Commentary on Rema Ruling re: Maharam of Padua, Krakow (1550)

Neil W. Netanel

School of Law, University of California at Los Angeles, USA

 

1. Full title

2. Abstract

3. Factual Background to the Dispute

4. The Form of the Rema’s Ruling: A Reponsum

5. Wrongful Competition

6. Anxiety of Perpetuation of Error by Print

7. Tragic Epilogue

8. References

 

1. Full title

Responsa Rema, No. 10

 

2. Abstract

Rabbinic ruling setting out the Jewish law foundations for rabbinic reprinting bans. This is the first such ruling to discuss those foundations in depth. It also holds that a non-Jewish publisher may be held to violate Jewish law by wrongfully competing with a Jewish rival and that in such as case, as in others, a reprinting ban may be enforced against Jewish buyers of illicit copies. This ruling was much discussed in later rabbinic pronouncements. But later rabbis often debated its meaning, especially since the non-Jewish publisher’s predatory pricing seems to be central to the holding.

 

3. Factual Background to the Dispute

In 1550, Rabbi Meir Ben Isaac Katzenellenbogen of Padua (1473-1565) (known in Jewish tradition by the honorific the “Maharam of Padua”) completed a new edition of Moses Maimonides’s seminal twelfth-century restatement of Jewish law, the Mishneh Torah. Katzenellenbogen invested significant time, effort, and money in producing the edition. When the rabbi from Padua embarked on his project, Maimonides’s classic work had already been printed several times. Katzenellenbogen worked from these editions, but made some corrections and added medieval commentaries that had not previously appeared with the Mishneh Torah in print. He and his son also added about a dozen annotations of their own.

In 1550, Venice was the capital of Hebrew printing. But the Venetian Republic forbade Jews from printing books. Accordingly, Katzenellenbogen needed to find a Christian printer for his edition. He initially approached Marc Antonio Giustiniani, a Venetian patrician who held a near monopoly over Hebrew printing in Venice. For whatever reason, the two did not come to terms. Katzenellengoben instead joined forces with the Venetian patrician Alvise Bragadini (c. 1500-1575) to establish a new Hebrew press in Venice in Bragadini’s name. Bragadini’s first publication was Katzenellenbogen’s edition of the Mishneh Torah, printed in Venice in 1550 and apparently financed by the rabbi.

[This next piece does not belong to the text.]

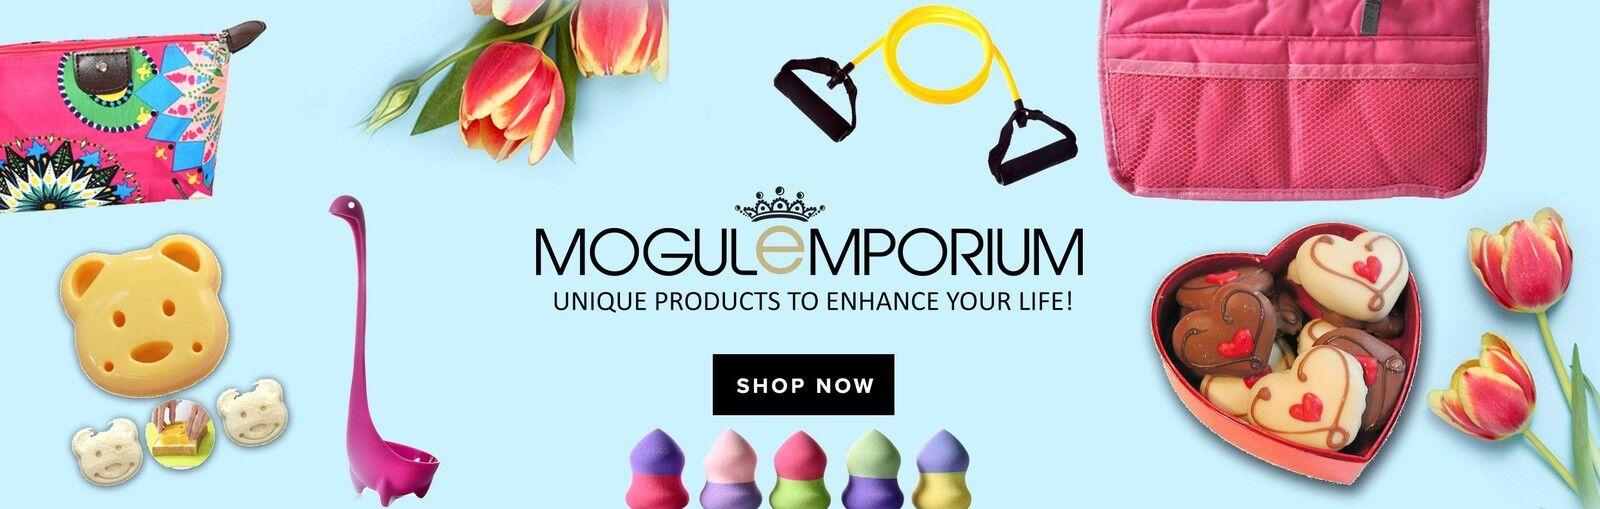 Mogul Shop

Giustiniani was not to be outdone. He countered by issuing his own edition of Maimonides’ seminal legal code, one that both copied Katzenellenbogen’s annotations and included an introduction criticizing them as worthless. Giustiniani further proclaimed that he would sell his edition for one gold coin less than his competitor’s edition, ostensibly to enable more Jewish readers to have access to the foundational text. Bragadini lacked a book privilege from the Venetian Senate, perhaps because, at the time, only works that had not previously been printed were eligible for a privilege. Accordingly, Katzenellenbogen petitioned Moses Isserles (1520 or 1530-1572), rabbi of Krakow, Poland, to forbid Jews from buying the Giustiniani edition.

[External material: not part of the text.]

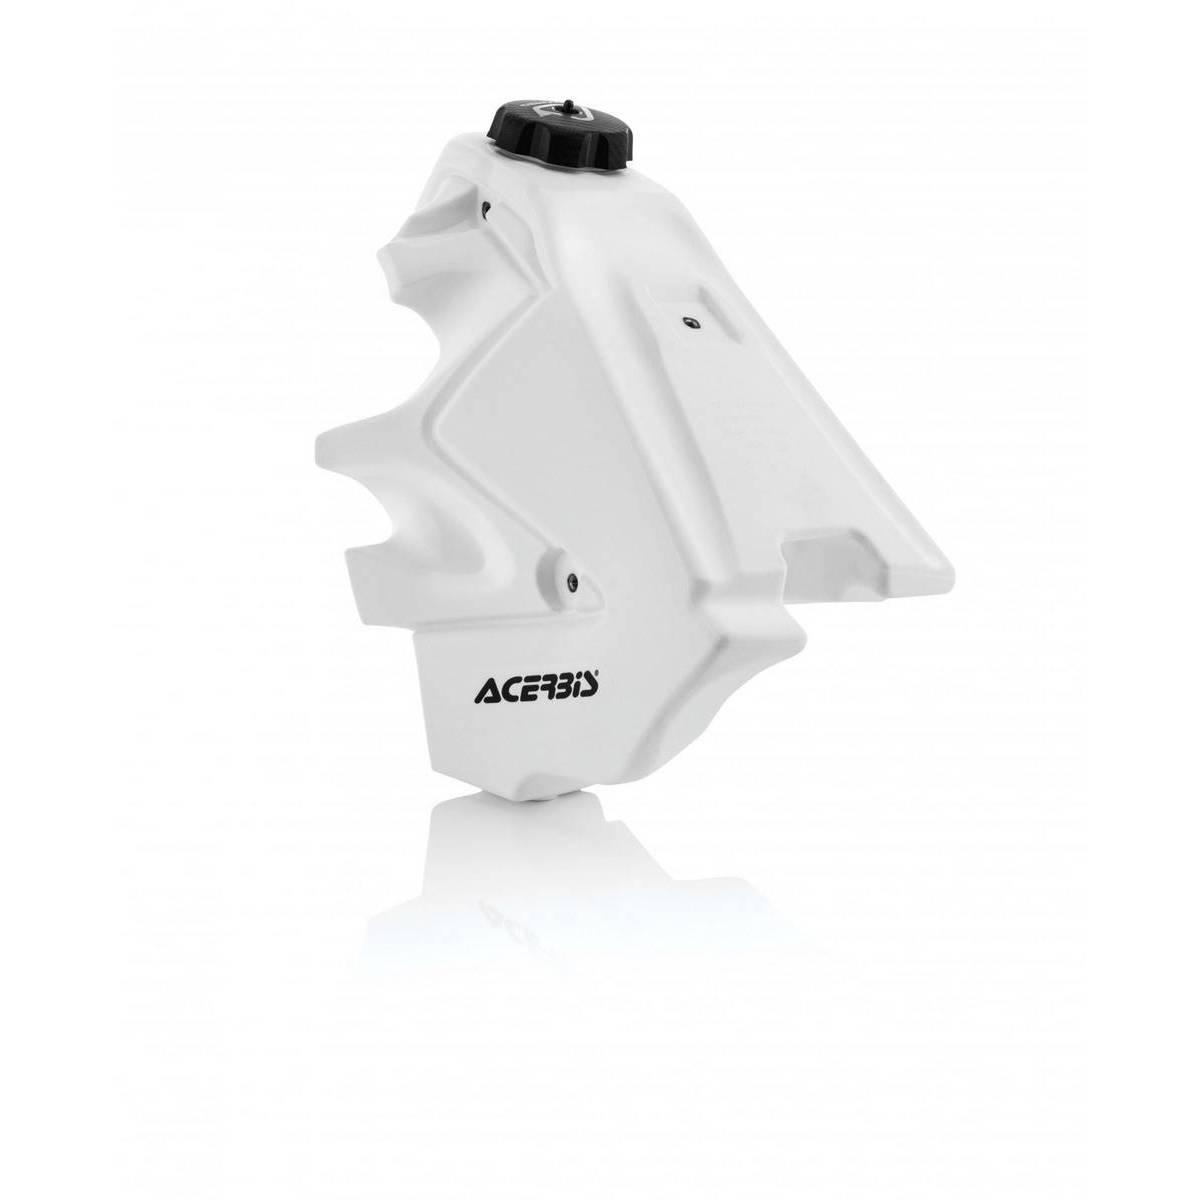 0016494-030 - Deposito Acerbis Yamaha Yz 85 07 17 8.5 Litros Blanco

Why did Katzenellenbogen turn to the rabbi of Krakow? Isserles was a relative youngster at the time, although he soon came to be one the preeminent rabbinical authorities of the modern era, one known in Jewish tradition by the Hebrew acronym, the “Rema.” But he and Katzenellenbogen shared familial and intellectual ties. Further, Poland was home to between half to two-thirds of the world’s Jewish population and to rabbinic academies that would have been primary markets for the Mishneh Torah.

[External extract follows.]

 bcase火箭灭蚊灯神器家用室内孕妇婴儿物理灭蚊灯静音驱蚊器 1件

Isserles’s resulting ruling presented an extensive explication of a right to prevent reprinting under Jewish law.

 

4. The Form of the Rema’s Ruling: A Responsum

Katzenellenbogen did not initiate a civil lawsuit against the Christian printer Marc Antonio Giustiniani in rabbinic court. As a Gentile Venetian patrician, Giustiniani would hardly have deigned to appear before a rabbinic court – in Poland no less. Further, Isserles later ruled that the sole jurisdiction in commercial disputes between Jews and non-Jews lies in the appropriate civil court, not a rabbinic court.

 

Rather Katzenellenbogen sought from Isserles a rabbinic decree in the form of a responsum. Responsa, or in Hebrew, “she’elot u-tshuvot” (literally “questions and answers”), are a form of rabbinic literature that have played a vital role in Jewish law for over 1,000 years. They consist of written answers by particularly learned rabbinic scholars to written questions posed to them, often by local rabbis seeking guidance from a greater rabbinic authority. Their subject matter spans the entire spectrum of Jewish law, ranging from commercial disputes, to family matters, to questions of faith, ritual, and philosophy. Responsa are an important source of rabbinic pronouncements on copyright law.

 

5. Wrongful Competition

Isserles ruled, first, that, as far as Jewish law is concerned, the Christian Giustiniani was obliged to follow the substance of Jewish law in his commercial dealings, at least in his commercial dealings with Jews. Isserles engaged in extended discussion of this issue, which involves complex matters of when Jewish law applies to non-Jews under what Jewish law labels “Noahide Law”. That discussion is mentioned but not included in the translation to the ruling because it does not bear directly on copyright law.

 

Isserles then ruled that Giustiniani stood in violation of the Jewish law of wrongful competition. He added some policy reasons for favoring Katzenellenbogen as well. (To the extent that these present discussion that is tangential to copyright law and the book trade, these are also omitted from the translation.) Finally, Isserles ordered that no Jew in Poland may buy or possess a recently printed copy of the Mishneh Torah other than one printed by Katzenellenbogen or his agents until Katzenellenbogen has sold out his print run. The penalty for violation, Isserles decreed, would be social ostracism, excommunication, and anathema.

 

Isserles’s ruling on the issue of wrongful competition has been much discussed by subsequent rabbinic authorities. In their 1518 decree in favor of Eliyahu Bakhur, the Rome rabbis briefly referred to Talmudic cases that propound the rule that, in certain circumstances, it is wrongful to encroach on—or “misappropriate”—another’s source of livelihood. In his ruling, Isserles delves into the Jewish law of wrongful competition in far greater depth. In particular, he underscores that the prohibition on encroaching on another’s livelihood is an exception to the general rule permitting competition. That restriction on competition thus requires special justification.

 

The rabbinic literature, both preceding and following Isserles’s ruling, discusses at length whether competition should be restricted to protect existing suppliers. This question presents a difficult quandary for the rabbinic authorities. On one hand, competition benefits consumers by providing goods at lower prices. On the other, untrammeled competition can deprive suppliers of their livelihood. For the rabbis, it is by no means a foregone conclusion that the former justifies the latter. Nonetheless, Jewish law ultimately comes down heavily on the side of allowing free competition. Accordingly, rabbinic authorities generally decline to regulate prices or restrict entry to existing markets in order to protect incumbent suppliers. There are exceptions, however, particularly when incumbent suppliers are harmed without a clear benefit for consumers.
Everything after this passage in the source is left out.